On 16/09/2023 7:50 am, David Holmes wrote: > On 15/09/2023 5:00 pm, Simone Bordet wrote: >> Perhaps we are using a pattern in the code that makes it more likely >> to happen? > > Perhaps. I don't know the jetty code at all so you would need to go back > to them with these findings. If two classes have a dependency on each > other this way then you would normally expect there to be a preferred > "entry point" so that initialization will always occur in the same > order.
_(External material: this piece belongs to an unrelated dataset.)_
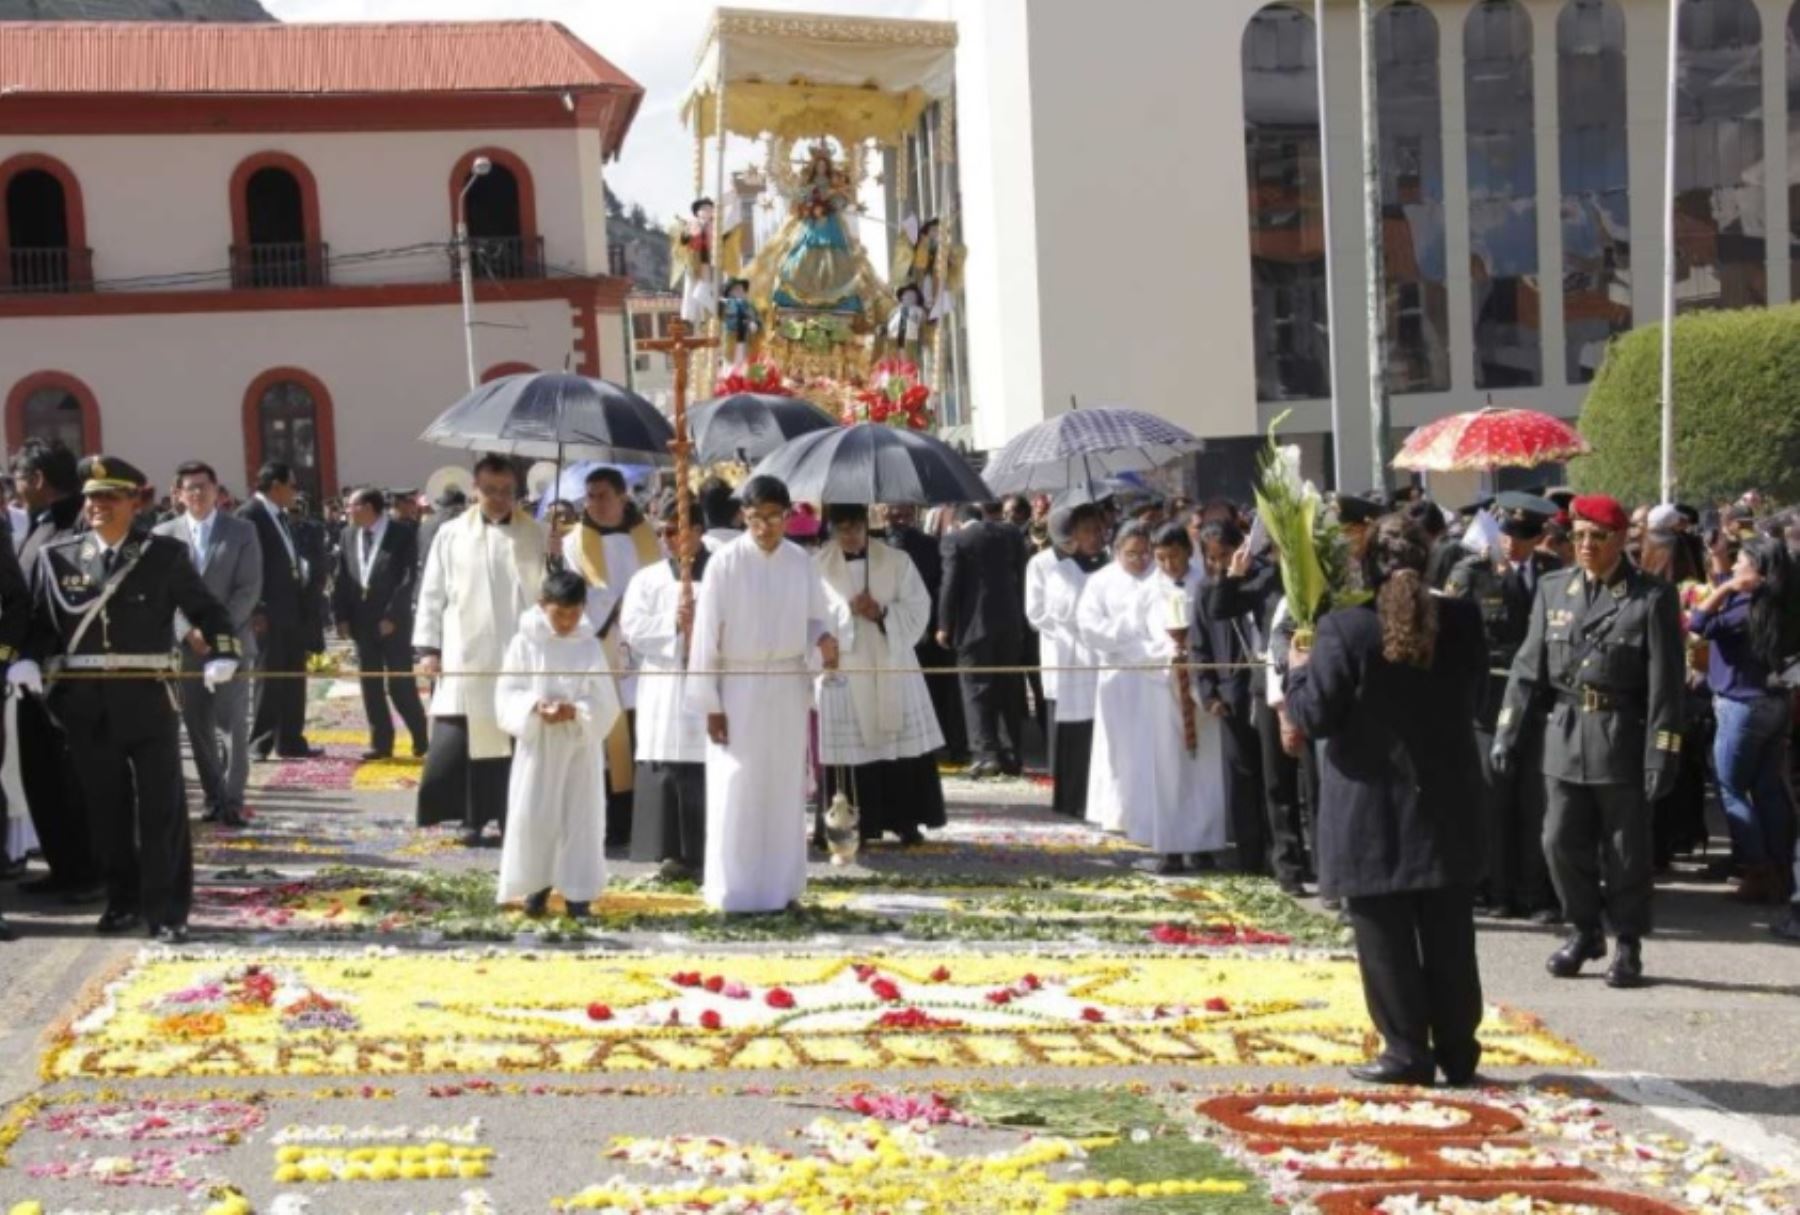 Con una participación multitudinaria de fieles católicos y las autoridades de Puno empezaron los actos celebratorios en honor a la “octava” de la festividad de la Virgen de la Candelaria, en el que destaca la participación de los conjuntos de trajes de luces.

But it is a fragile design where a superclass/interface uses its > own subclass in its static initialization. > > Glad this helped expose the problem.
19-09-2023

On 15/09/2023 5:00 pm, Simone Bordet wrote: > We have attached the logs to the pull request above. > > Seems like a classic deadlock: > > '[8.061s][debug][class,init] Thread ForkJoinPool-1-worker-1 is > initializing org.eclipse.jetty.http.HttpFields'. > ... > '[8.113s][debug][class,init] Thread ForkJoinPool-1-worker-2 is > initializing org.eclipse.jetty.http.MutableHttpFields'. > '[8.113s][debug][class,init] Thread ForkJoinPool-1-worker-2 waiting > for initialization of org.eclipse.jetty.http.HttpFields by thread > ForkJoinPool-1-worker-1'. > ... > '[8.117s][debug][class,init] Thread ForkJoinPool-1-worker-1 > recursively initializing org.eclipse.jetty.http.HttpFields'. > '[8.117s][debug][class,init] Thread ForkJoinPool-1-worker-1 waiting > for initialization of org.eclipse.jetty.http.MutableHttpFields by > thread ForkJoinPool-1-worker-2'. > > It is peculiar that we already get this deadlock for the same classes. > Perhaps we are using a pattern in the code that makes it more likely to happen?
19-09-2023

On 13/09/2023 7:44 am, David Holmes wrote: > Hi Simone, > > Thanks for the logs. Unfortunately they shed no light on what is > happening. There is no sign of the MutableHttpFields class starting > actual initialization, though we can see that it was linked (verified). > And there are no exceptions indicated relevant to the class loading and > initialization process that I can discern. > > The class initialization logging is unfortunately rather sparse and I > think we would need to add some additional logging to shed further light > on this. Are you in a position to patch the sources, create a custom > build and test again with that build?
19-09-2023

On 12/09/2023 6:35 pm, Simone Bordet wrote: Here is another failed run: JVM threads dump: https://gist.github.com/olamy/b3e20a76f0fc77232882b9be95db47e1 JVM output (gist is truncated, download full file): https://gist.githubusercontent.com/olamy/86f0a1215c722e5e9acf96cae597422e/raw/4404693c39fd767122d34a7a3dde1d797afa6f25/gistfile1.txt The JVM stops outputting at 2.360s, then we have a Jetty idle timeout after 30 seconds, then we see: [51.472s][debug][exceptions] Thread::clear_pending_exception: cleared exception:java.lang.VirtualMachineError '. And then more log lines follow after another 5 minutes. Let us know your findings.
19-09-2023

On 11/09/2023 3:22 pm, David Holmes wrote: > I've looked at the dump and there is no sign that the MutableHttpFields > is actively in use. It suggests to me that class initialization has > failed but the class state has not been correctly updated and the > waiters released. There were some changes in JDK 21 about how failures > in this area were handled, so it is possible I/we got something wrong. > Is it possible to try running this with additional logging enabled e.g. > > -Xlog:class+init=debug -Xlog:exceptions=debug
19-09-2023